Abstract

Thermally driven sintering is widely used to enhance the conductivity of metal nanowire (NW) ensembles in printed electronics applications, with rapid nonisothermal sintering being increasingly employed to minimize substrate damage. The rational design of the sintering process and the NW morphology is hindered by a lack of mechanistically motivated and computationally efficient models that can predict sintering-driven neck growth between NWs and the resulting change in ensemble conductivity. We present a de novo modeling framework that, for the first time, links rotation-regulated nanoscale neck growth observed in atomistic simulations to continuum conductivity evolution in inch-scale NW ensembles via an analytical neck growth model and master curve formulations of neck growth and resistivity. This framework is experimentally validated against the emergent intense pulsed light-sintering process for Ag NWs. An ultralow computational effort of 0.2 CPU-h is achieved, 4-10 orders of magnitude reduction as compared to the state of the art.
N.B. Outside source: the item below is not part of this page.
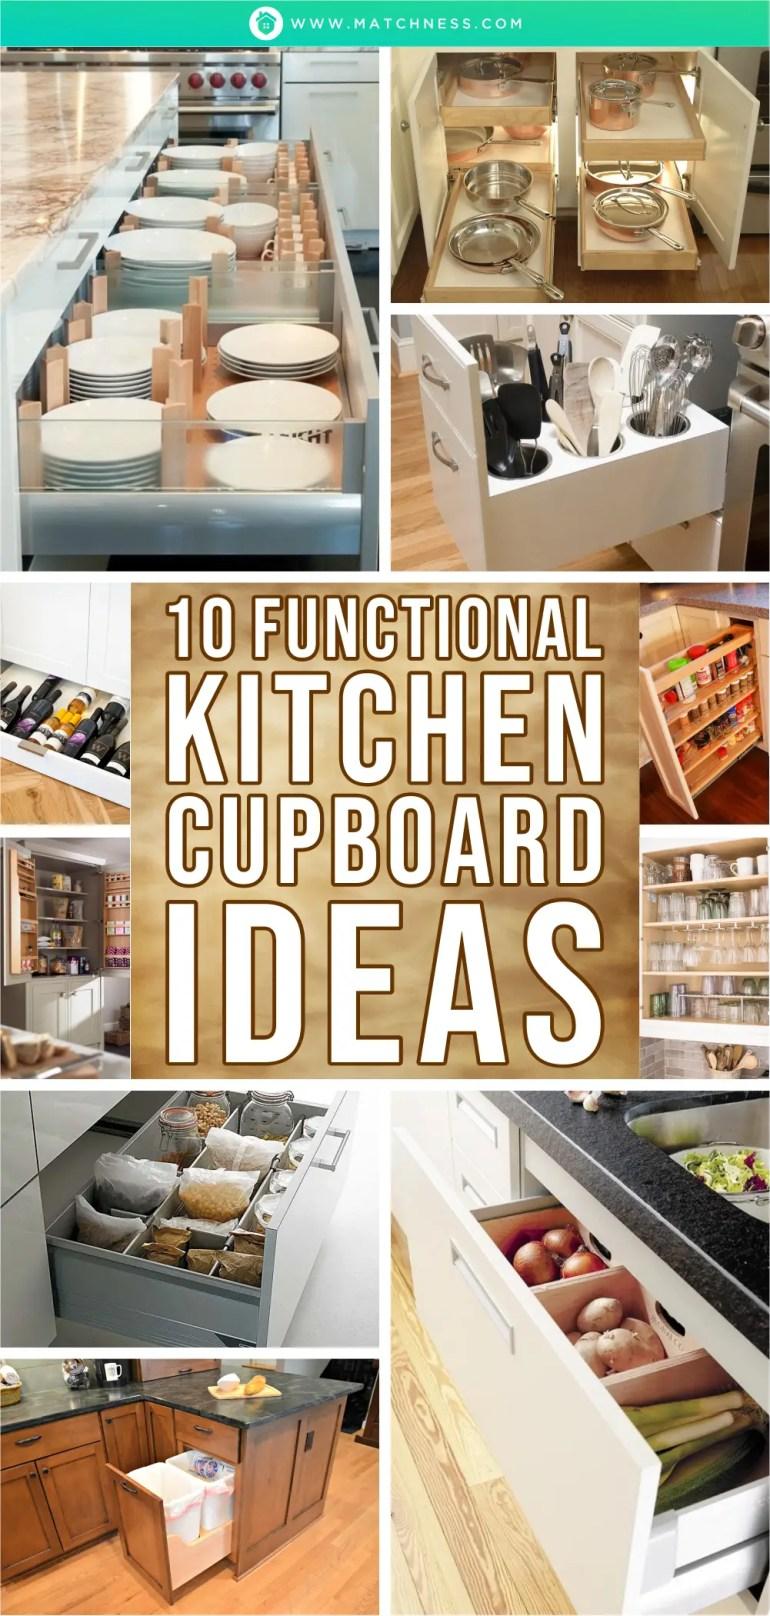 10-functional-kitchen-cupboard-ideas1

We show that the inherent local variation in the relative NW orientation within an ensemble drives significant junction-specific differences in neck growth kinetics and junction resistivity. This goes beyond the conventional assumption that the neck growth kinetics is the same at all the NW junctions in an ensemble, with significant implications on how nanoscale neck growth affects ensemble-scale conductivity. Through its low computational time, easy and rapid recalibration, and experimental relevance, our framework constitutes a much-needed foundational enabler for a priori design of the sintering process and the NWs.